|
Published: October 19, 2010
"Strike while the
iron is hot," is the new catchphrase in Private Equity (PE)
circles. Conditions are perfectly in place to do deals, and you
can expect to hear of many more this winter. Just this week,
Yahoo! (Nasdaq: YHOO), Wendy's/Arby's (NYSE: WEN) and
Seagate (NYSE: STX) are surging on word that PE investors
are sniffing around. This frenzy of potential deal-making comes
as many public companies are cash-rich but undervalued.
To pull off a deal the size of Yahoo! is no mean feat. The
company's
market value already exceeds $20 billion. Seagate, which is
now valued at around $6 billion, is typically more in line with
an ideal size for PE investors, several of whom got burned in
the last decade from deals that were simply too large to digest.
PE firms also made the mistake back then of ignoring balance
sheets, instead identifying debt-laden targets upon which they
heaped even more debt. These days, PE buyers prefer to see lots
of cash on the books so they can easily talk a bank into lending
them the money to finance a deal. With interest rates quite low,
the economics of deal-making are very compelling.

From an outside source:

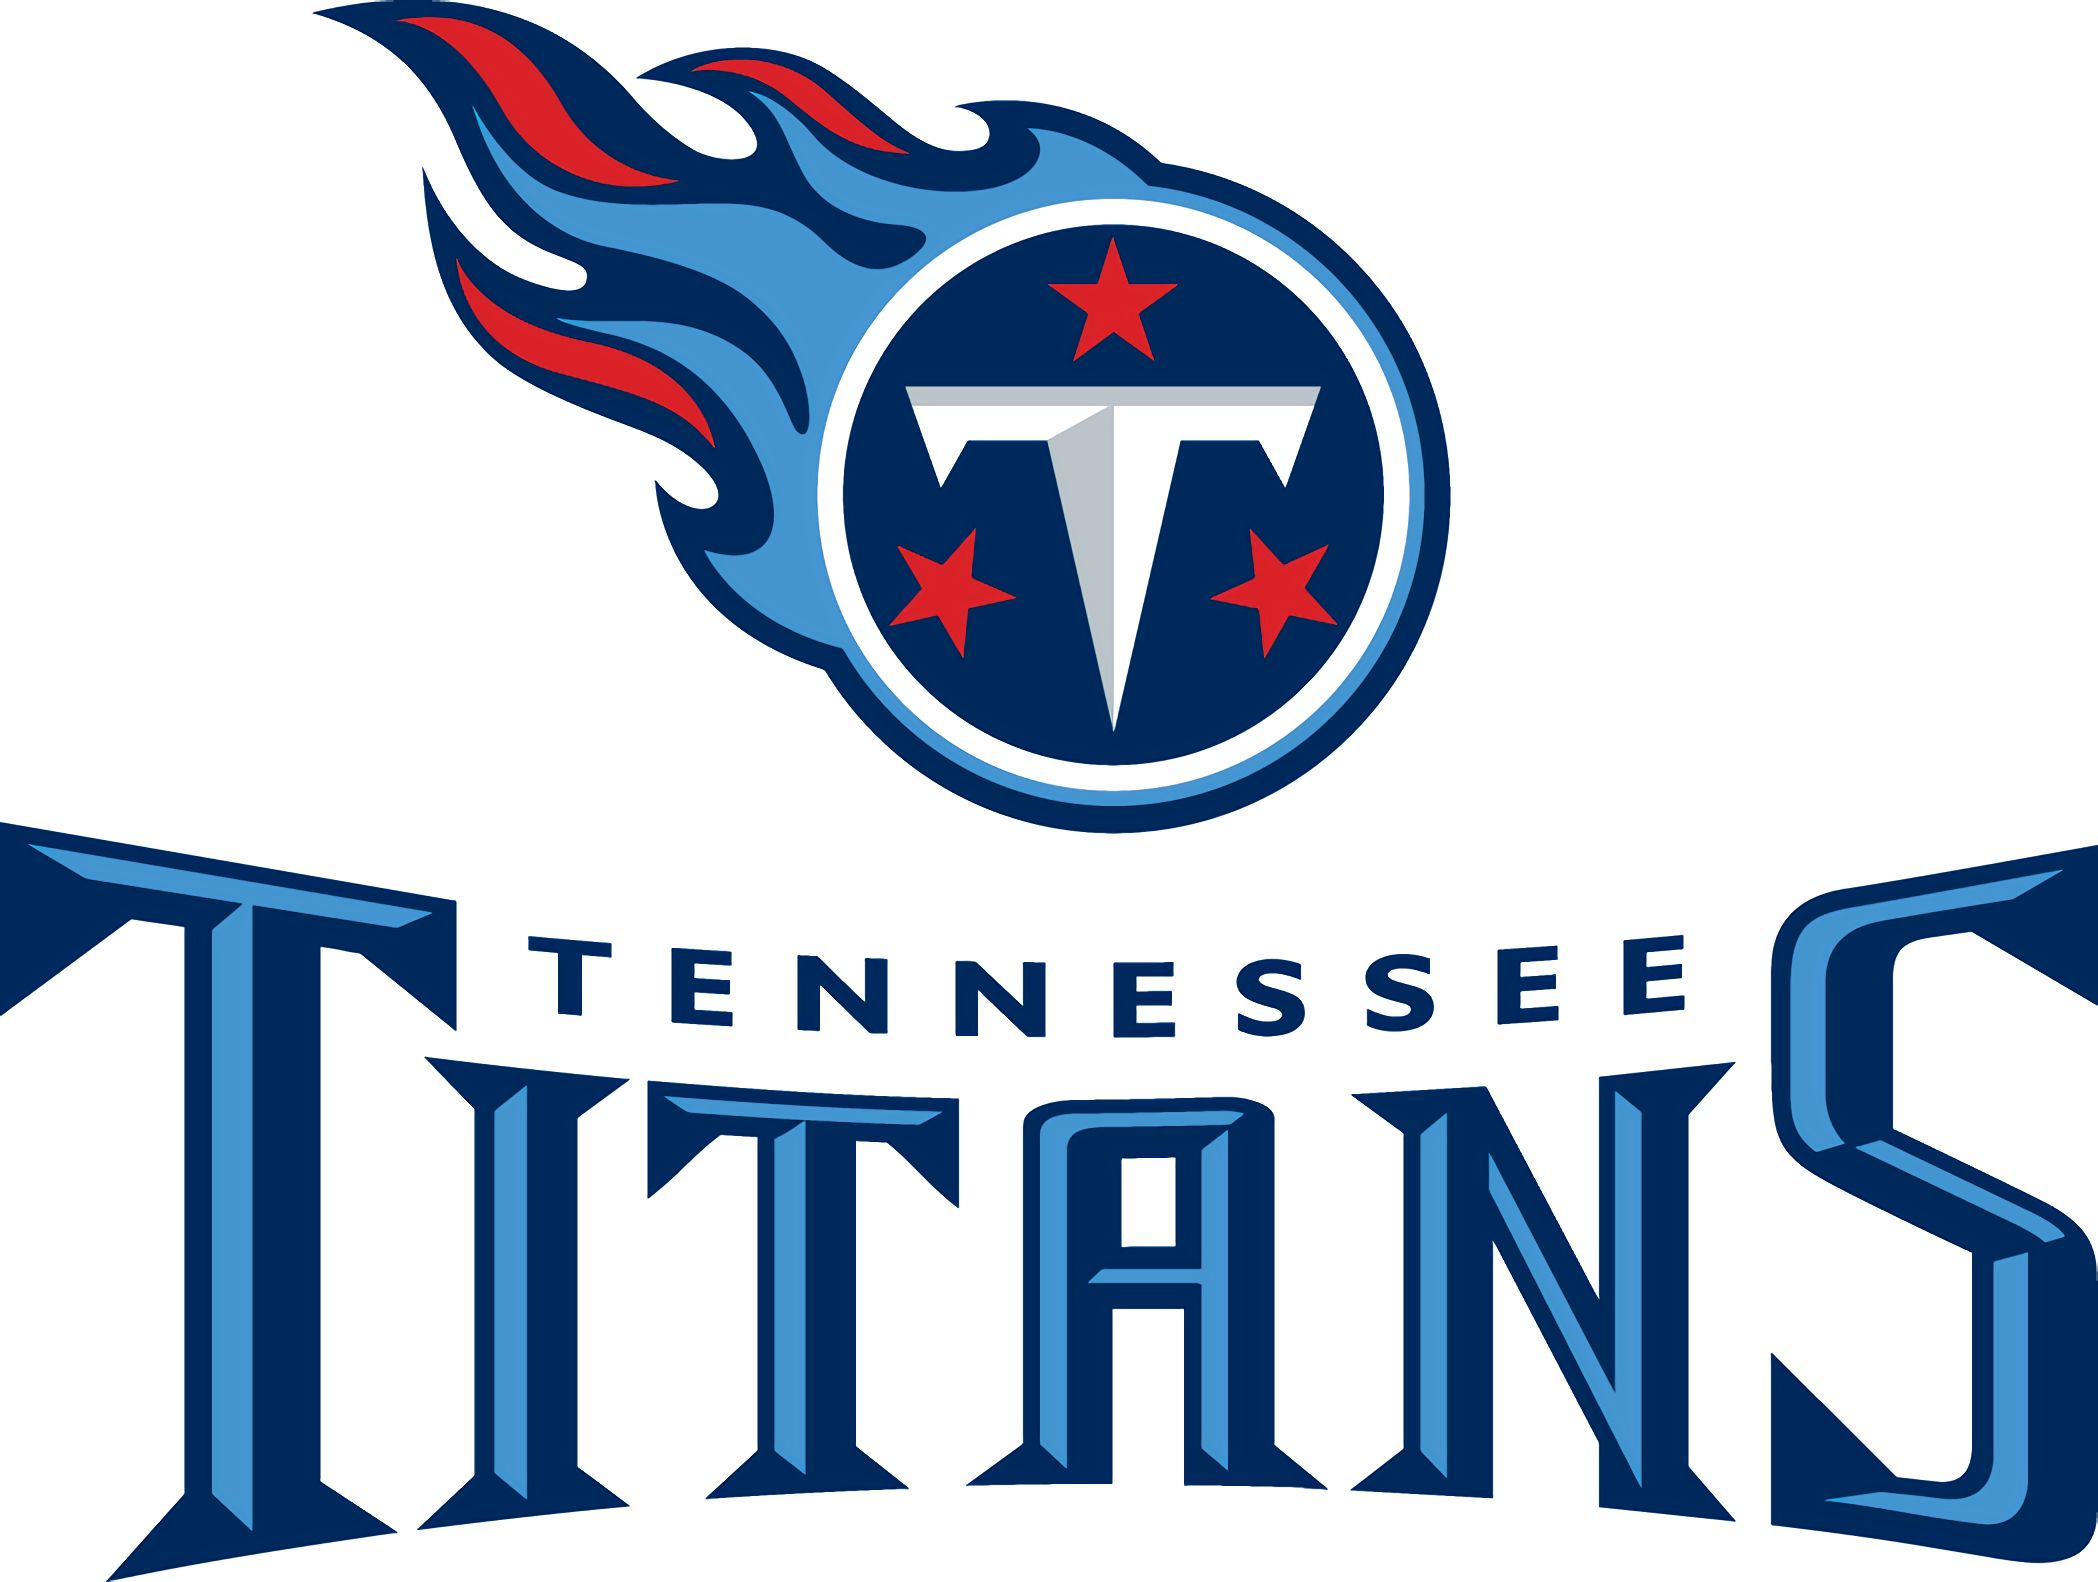 Tennessee Titans: Download 2022 schedule wallpaper for mobile, desktop

These PE firms hope to take companies private while they're
cheap and then bring them public (or find another buyer) when
valuations improve. But buyers beware: by the time that a
company goes public again, debt levels can be alarmingly high.

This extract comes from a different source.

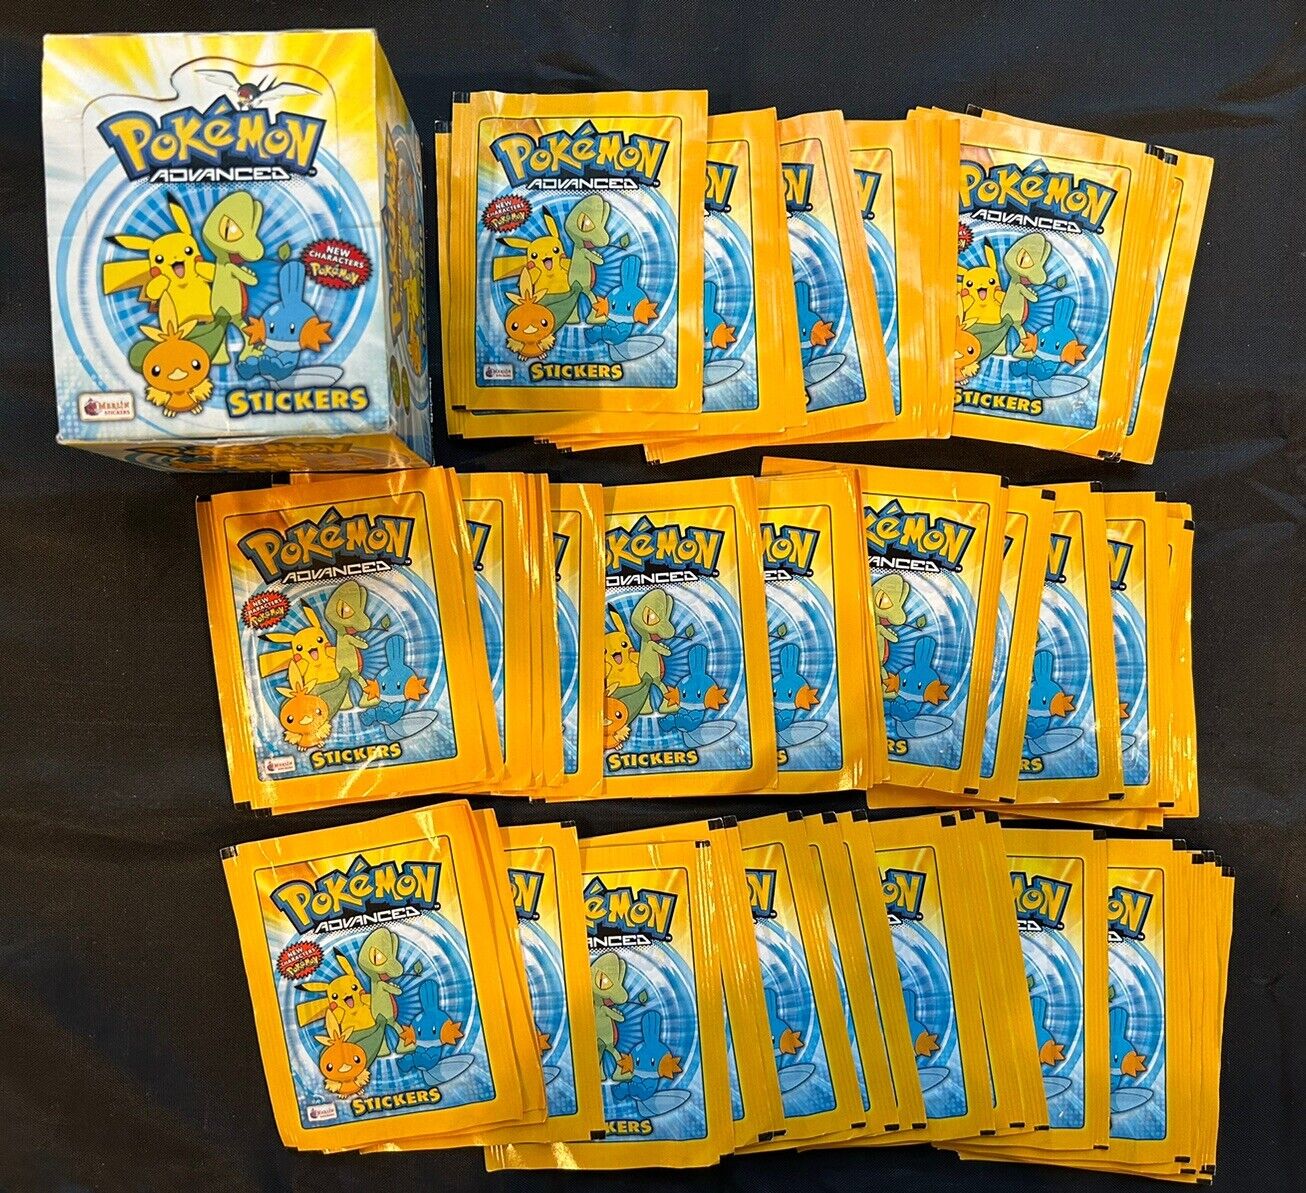 2004 Merlin Pokemon Advanced Series 6 Vintage Sealed Sticker Packs - Lot 50x

For example, Hertz Global Holdings (NYSE: HTZ) was taken
private in 2003 and then brought back public in 2006 through an
IPO. Shares plunged below $5 in 2008 when a massive
debt load suddenly became a scary prospect in an economic
downturn.
To be sure, many potential PE candidates have already surged and
would be risky to buy at this point. Names such as CommVault
(Nasdaq: CVLT), Isilion Systems (Nasdaq: ISLN) and
NetScout Systems (Nasdaq: NTCT) have already seen
considerable buyout buzz.
With all that in mind, here is a quick list of five companies
that appear to be attractive targets for the PE crowd, yet still
appear undervalued.
1. Symantec (Nasdaq: SYMC)
-- Shares of this data security and storage vendor started to
rebound after Intel (Nasdaq: INTC) bought rival McAfee
(NYSE: MFE).
2. Integrated Silicon Solutions (Nasdaq: ISSI) -- This
company checks all the boxes that PE firms look for. It sports a
reasonable $236 million market value, has roughly $90 million in
net cash, is nicely profitable -- trading at less than six times
earnings, and is utterly unloved. Semiconductor stocks are far
out of favor right now, and this maker of embedded chips that go
into a wide range of applications could be acquired and combined
with another PE holding to make a larger chip company.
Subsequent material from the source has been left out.